當第⼆次執⾏這個定時任務時，就可以查到最新⽣成的⼀條訂單資料統計記錄了。此時會看下這條記錄的時間，距離現在是否超過2天，防⽌跨天資料產⽣。

有了以上資料統計後，在遷移明細表中的每條記錄中，同步完⼀批資料都會記錄⽬前已遷移完多少資料。這樣就可⽤已同步完畢的資料量，除以訂單資料統計記錄的訂單總資料量，結果就是遷移進度。

(3)防止增量同步資料丟失和高效寫入方案

在增量同步中，首先會透過Canal監聽源資料庫中的binlog⽇志，然後Canal再將監聽到的binlog⽇志傳送放到RocketMQ中，接著資料遷移系統會消費RocketMQ中的binlog訊息，把增刪改操作同步到目標資料庫。

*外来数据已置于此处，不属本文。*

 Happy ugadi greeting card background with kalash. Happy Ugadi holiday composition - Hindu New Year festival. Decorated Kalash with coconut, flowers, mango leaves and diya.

問題一：資料遷移系統消費MQ訊息時，如何保證從MQ獲取到的binlog訊息不會丟失

如果源資料庫增刪改操作了，但由於消費異常導致binlog訊息丟失了，那麼目標資料庫中就沒有對應的增量資料操作，這樣源資料庫和目標資料庫的資料就會不⼀致。為了避免消費異常導致binlog訊息丟失，需要設定禁止自動提交訊息。

消費MQ的binlog訊息時，為了提升消費速度，可以採用多執行緒進行消費。比如每消費一條MQ訊息，就向執行緒池提交一個任務，任務執行完才提交訊息。當這些任務的執行速度慢於消費MQ訊息的速度時，執行緒池的阻塞佇列中就會積壓一些任務。如果此時機器釋出重啟，那麼就可能會導致執行緒池中阻塞佇列裡積壓的任務丟失。但是由於禁止訊息自動提交，所以這些丟失任務對應的MQ訊息後續還可以重新被消費，然後再次被提交到執行緒池中進行處理。

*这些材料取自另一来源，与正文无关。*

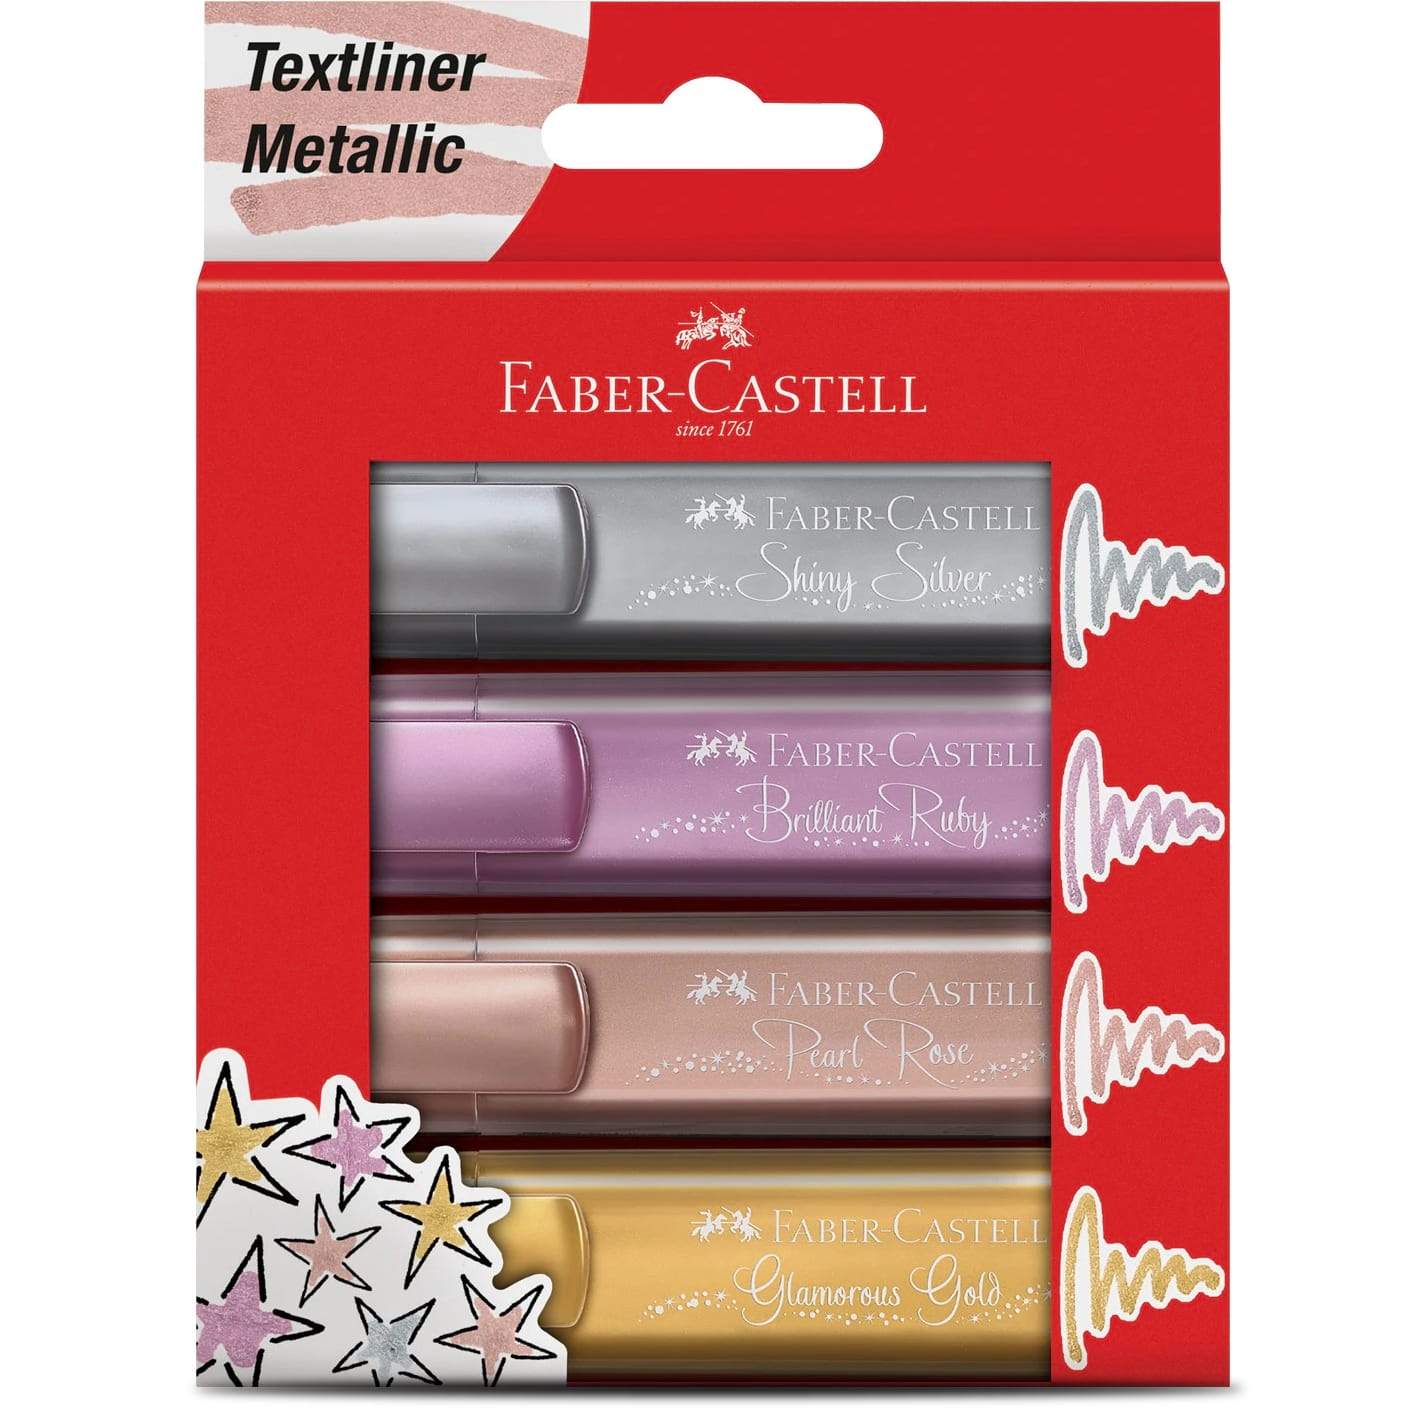 Faber-Castell Metallic Highlighter Textliner-Pen Boutique Ltd

為了方便對binlog訊息進行管理和確保binlog訊息不丟失且有記錄可查，這裡引⼊訊息拉取落庫和非同步訊息提交機制，由兩個定時任務來完成。如下所示：

⾸先源資料庫中會有⼀張消費記錄表，定時任務1每次從MQ拉取並消費⼀條訊息時，都會先在消費記錄表中新增⼀條消費記錄，每條消費記錄的初始狀態都為未消費。然後定時任務1再將獲取到的binlog訊息，在目標資料庫中重做binlog⽇志。也就是將舊庫中的增刪改操作，在目標資料庫中重做⼀遍。重做完成後，再來更新剛剛新增的消費記錄的狀態，將記錄的狀態從未消費更新為已消費狀態。

此時需要注意：定時任務1消費MQ的binlog訊息後，並不是自動向MQ提交訊息，⽽是需要進行⼿動提交。否則如果訊息都沒有消費成功，就自動向MQ提交訊息，則可能會出現訊息丟失的情況。所以為了保證binlog訊息不丟失，不會⾃動提交訊息，⽽是將提交訊息的任務交給定時任務2來處理。

定時任務2會專⻔從消費記錄表中，查詢已消費的那些記錄，然後向MQ提交訊息，這樣下次就不會從MQ中消費到了。向MQ提交完訊息後，同時會將消費記錄表中的記錄狀態，從已消費更新為已提交。⾄此，⼀個訊息的消費流程才算結束。

問題二：如何提高增量同步時的資料寫入效率

為了提高資料寫入目標資料庫的效率，這裡引入了資料合併、過濾、讀寫佇列的機制，讀寫佇列和資料合併流程圖如下：

定時任務1新增完消費記錄後，並不會⻢上把資料寫入目標庫，⽽是把binlog日誌先放到⼀個寫佇列中，與寫佇列相對的還有⼀個讀佇列。讀佇列是專⻔用於提供給定時任務3進行處理訊息寫⼊操作的。

資料合併提升寫入效率：如果源資料庫中的資料在短時間內進⾏了多次操作，其實只需要保留最新的binlog⽇志即可。所以才使用了一個記憶體佇列來存放binlog訊息，而且會每隔15秒批次處理一次記憶體佇列的所有binlog訊息，以此減少同一條資料對應多條binlog的寫入處理。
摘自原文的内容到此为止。